Balancing testing speed and release quality is one of the biggest challenges in software engineering. Even if you can keep up with testing the new functionality of a release, the continuous needs of testing the ever-growing regression scope can often seem unattainable.
Regression testing is performed when changes are made to the existing functionality of the software or if there is a bug fix in the software. It is the mechanism by which software is validated to ensure existing product features are still in working order after code changes are applied. As the function of a software application grows with each succeeding release, so do the regression testing needs. Managing these while keeping to shortened delivery timelines can be difficult.
One option is Automated Intelligent Regression Testing (AIRT), which intelligently runs automated regression tests relevant to the changes in code. It reduces the overall regression test cycle by identifying and executing only the set of cases that must be executed to satisfy the test scope, optimally managing risk related to meeting the demands of delivering quality software and the pressures of meeting time-to-market expectations.

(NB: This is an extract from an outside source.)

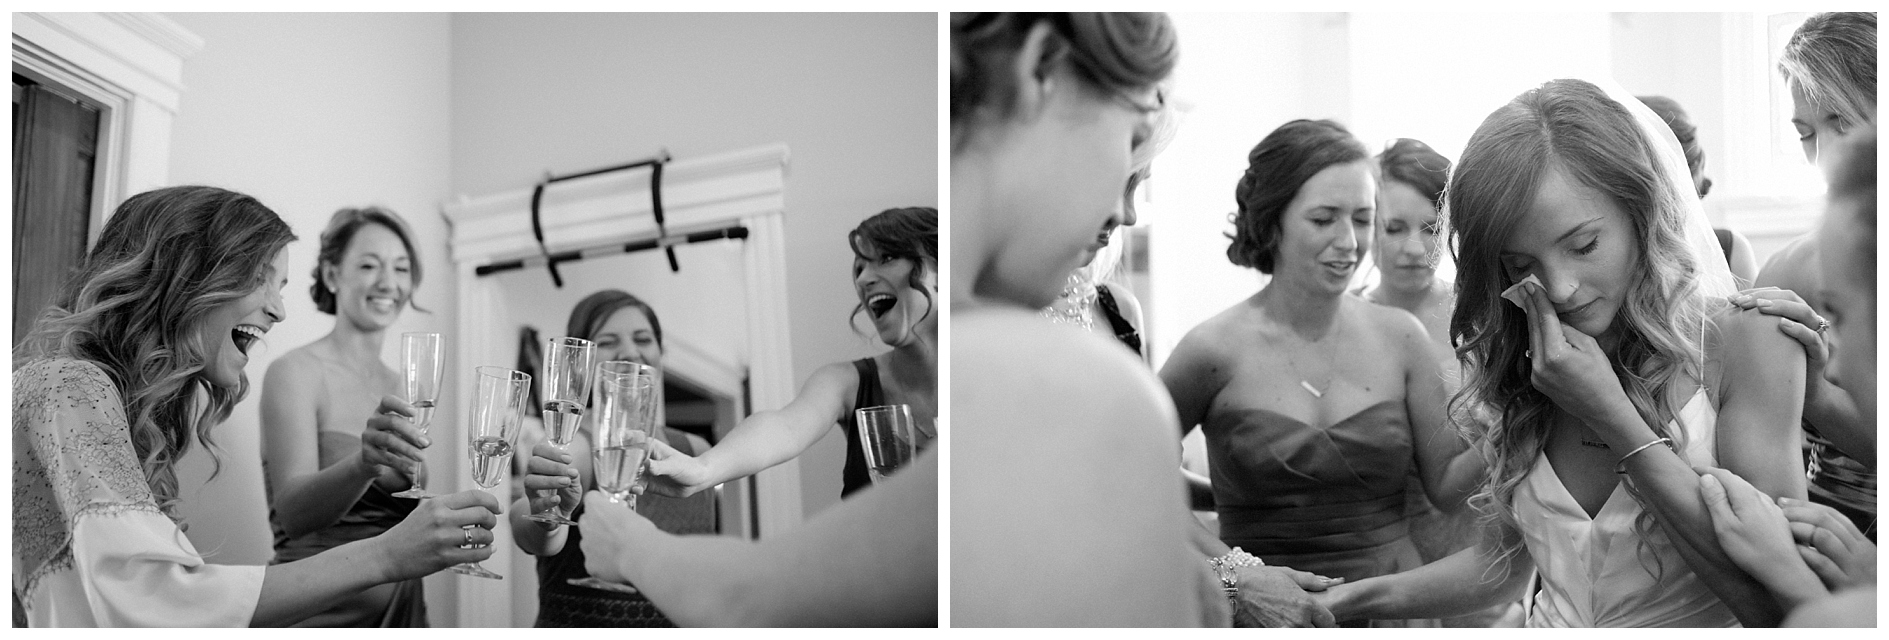 Bloom&Lo_AtlantaPhotographer_AmeliaTatnall_2015_Wedding_Georgia_Atlanta_AmbientStudio_Sara&Jared_Blog_Portfolio__0016.jpg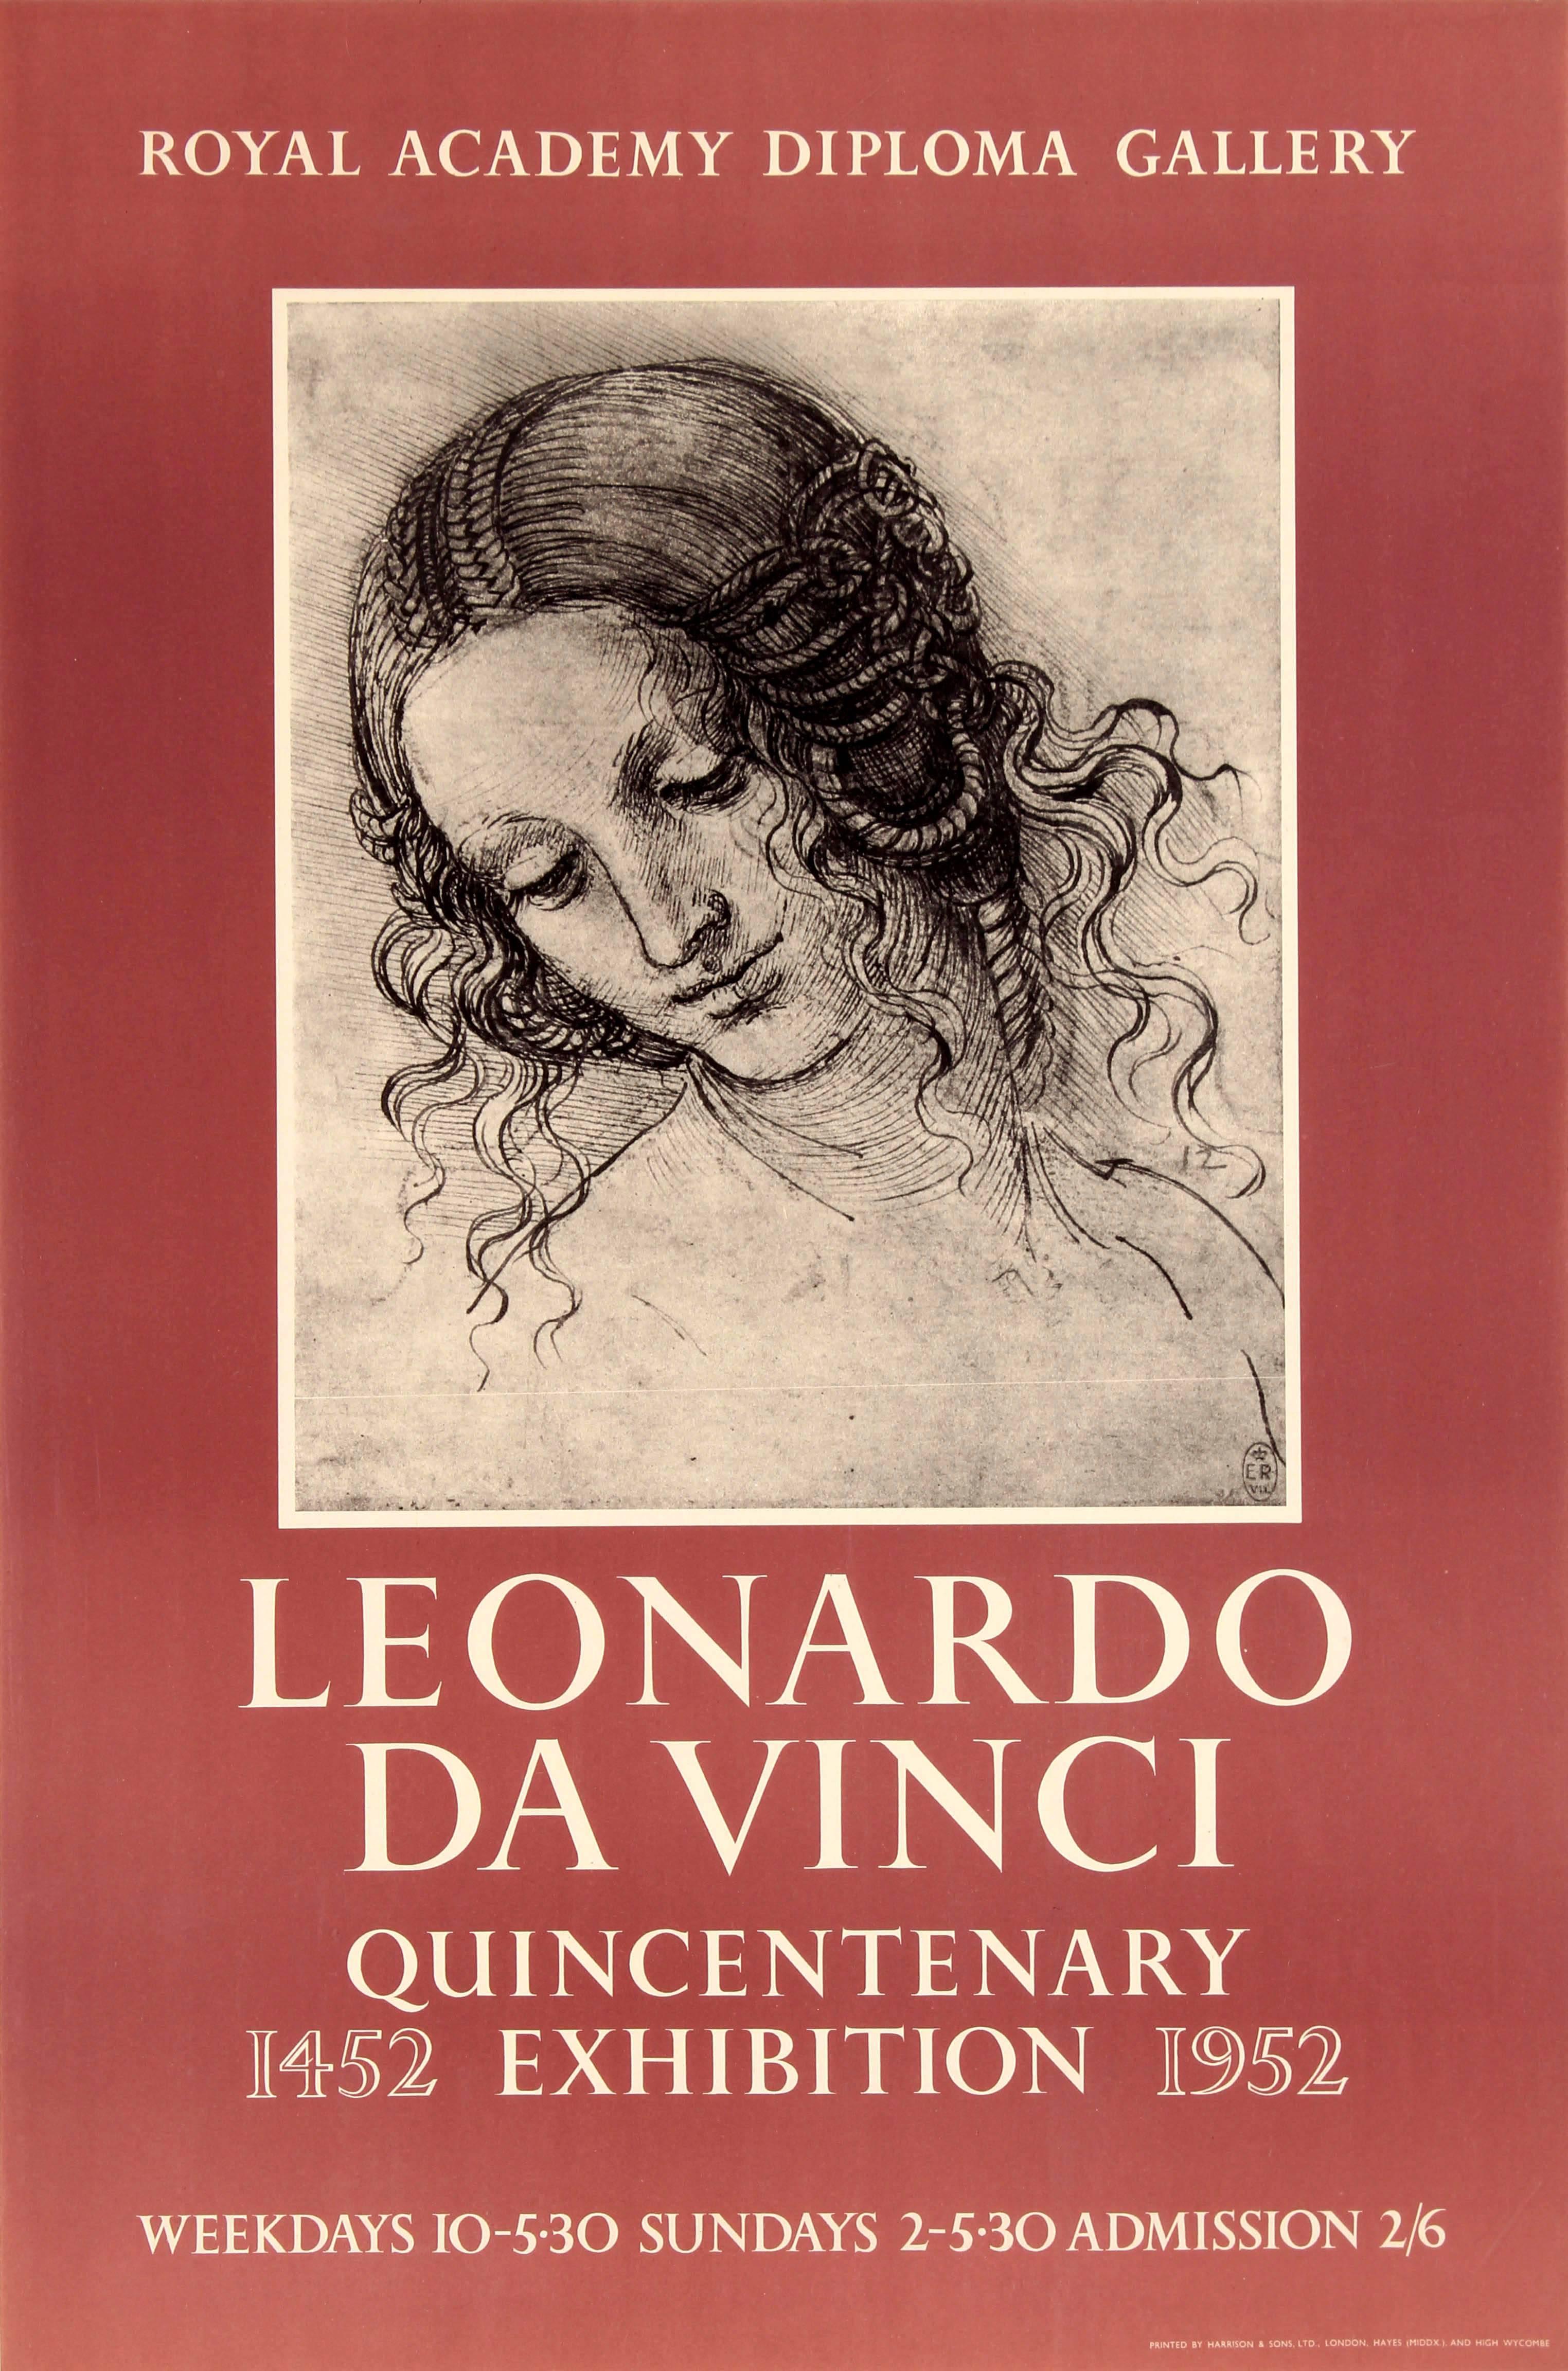 Theodore Ramos Print - Original Vintage Royal Academy Poster For The 1952 Leonardo Da Vinci Exhibition

While the value of regression testing is widely acknowledged within technology departments, it is often viewed by the rest of the business as costly and time-consuming. Executives want to see the product move forward, and making a considerable time investment in regression testing to ensure existing functionality is working, can be a hard sell.
To address this challenge, more and more companies are adopting regression test automation tools, using software to control the execution of test scripts and comparing the actual outcomes to expected outcomes. This reduces the overall regression test cycle and allows for repeatable, labourious tests to be offloaded from the manual test execution function.
These can be carried out in full, executing the entire regression suite for each release, or partially, blindly selecting and executing a sub-set of the regression suite.
Running a full set of automated regression scripts for each release is costly and often deemed wasteful because it results in testing code and functionality that are seemingly unaffected, and prolongs the testing cycles without showing any added value. However, partial regression cycles carry significant risk because the process of selecting the sub-set of scripts is blind, speculative, and open to interpretation. As a result, it can feel ad-hoc and chaotic. By contrast, the AIRT approach introduces the concept of intelligence into the automated cycle, selecting and executing specific regression scripts based on the code changes that were implemented. Both the value-add and time-to-market objectives are realised because only test cases that provide test coverage for the impacted features are executed, ensuring test coverage is not compromised. Non-impacted features are deemed out of scope, therefore eliminating wasted time and effort.
Another issue is knowing when to start the regression test cycle, whether it’s in parallel with functional testing, in between the first and final functional QA cycles, or only after the functional and system integration tests are signed off. Each option carries a risk. Conducting it in parallel with functional testing can potentially mean running a regression test on a moving target, in between functional testing cycles can also mean testing a moving target – though this could make more sense as it is presumed that the majority of the defects should have already been identified in early test cycles making the release more stable, whilst running the regression cycle after functional and system integration tests are complete runs a risk of defects being found late in the cycle and therefore increasing the time and cost of any fixes.
AIRT allows automated regression testing to be applied in iterations, delivering high-quality software in multiple successive drops whilst conforming to short delivery cycles. It also frees up the quality assurance team to focus on testing new functionality rather than running endless regression cycles.
AIRT is not purely about balancing the demands of delivering quality software and time-to-market constraints, it also contributes to the organisation’s cost reduction objectives by addressing one of the primary reasons for the increased overall cost of quality – the high costs of detecting and correcting defects late in the cycle.
AIRT is integrated with the development code so that each check-in by the developer is automatically verified, and any new defects are detected and fixed early, and within the development phase. AIRT acts as a gatekeeper that helps keep a tab on code quality, delivery timelines, and overall costs.
Organisations typically bound by traditional lengthy regression-test strategies can now apply Brickendon’s bespoke AIRT solution to address both the value-add and time-to-market considerations and reliably deliver small, safe and faster releases.